Vander Ark says charters are one tool that can be used to reverse generations of poverty and schools that haven’t met the needs of poor children. He directed national education initiatives for the Bill & Melinda Gates Foundation before launching his own enterprises.
But while charters offer one way, it’s not necessarily the easy way. The New York Times reported that Vander Ark drew criticism last year – criticism he rebuffed in a letter to the Times – after pulling out of a couple of charter school launches in the New York City area.
“By itself, it doesn’t make for a great school,” Vander Ark said of the charter label. “It’s an opportunity to run and sustain a great school.”
Tacoma mom and I-1240 opponent Jennifer Boutell agrees with that assessment.
“A charter school does not equal an innovative school,” says Boutell, statewide field director for People for Our Public Schools, a group working to defeat the initiative. “A charter school is not a curriculum. A charter school is not a particular teaching method, or even an extended school day. A charter school is an ownership model.”
She believes the charter concept wrests ownership of public schools from taxpayers for the benefit of small numbers of students. And she says that’s wrong.
Charters are publicly funded, tuition-free schools that permit significant decisions to be made at a school level, rather than by a school district or state officials.

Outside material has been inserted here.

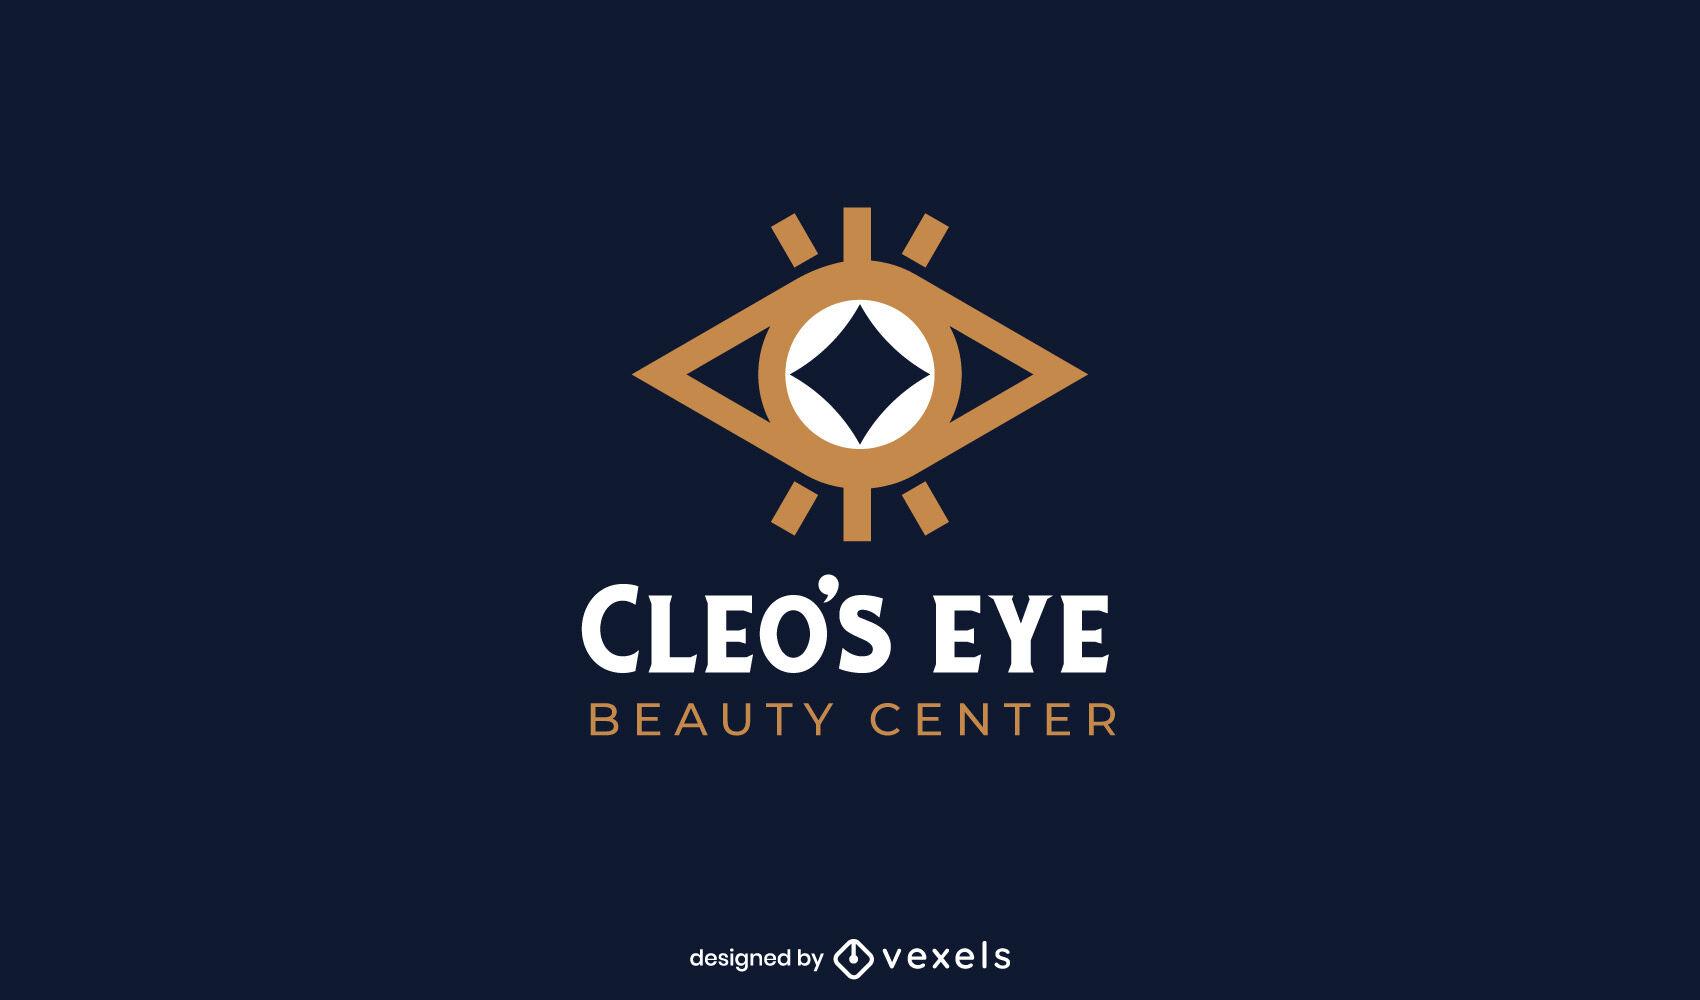 Geometirc eye logo template

An analysis of I-1240 by the state Office of Financial Management says passage could shift costs from local districts to charter schools. OFM does not place a dollar figure on that shift, citing too many unknowns. Charters might also draw students who currently attend private schools back to the public system, and that could increase overall education costs, OFM says.
Its analysis does estimate that it will cost the state just more than $3 million over five years to implement I-1240, including operation of a new state charter schools commission.
Shannon Campion, a Seattle mom and director of initiative-backer Washington Stand for Children, says the idea that charters drain money from public education is wrong.
“These are public schools,” she says. “They are serving public school students within the public system.
“What makes charter schools different is that they are free from certain state regulations. They can set curriculum and budgets at the school level. They can hire and fire staff to make sure their team is aligned with the mission of their school.”
Tailoring a school to its kids is one reason charters have been successful in serving struggling students in other states, she says.
But Kruse says Washington school districts are already creating innovative schools, so charters aren’t needed.
“Everything they ask for in the initiative, we can already do,” she says.
“Our members know what we need to do to improve our schools,” adds Mary Lindquist, president of the state teachers union, the Washington Education Association. “We just don’t have the resources to do it.”
Rachel Johnson, a teacher at Glacier View Junior High School in Puyallup, knows she’s in the minority among public school teachers supporting I-1240.
Johnson previously taught in Puyallup’s alternative high school, where many students struggle. She believes charters offer one way to “help kids on the front end,” before they fail.
She says her views on charters were influenced by a visit to a charter high school in Corbett, Ore. – a school recognized for excellence by U.S. News & World Report.
Corbett teachers, Johnson said, were “energized by their work. They have the flexibility to be responsive to student needs.”
School boards from Tacoma to Eatonville have voiced their collective opposition to I-1240.
Tacoma School Board President Catherine Ushka said she objects to the appointed state commission, which could do an end-run around elected local school boards.
She believes school districts are already making changes to ensure that parents have choices and schools improve. She points to Tacoma’s designation this year as an “innovative school district” by the state.
“Part of what we are working toward is making sure there are options in all parts of the city, and that they’re accessible,” Ushka says. “I think we are capable of ensuring equity without dismantling the public system.”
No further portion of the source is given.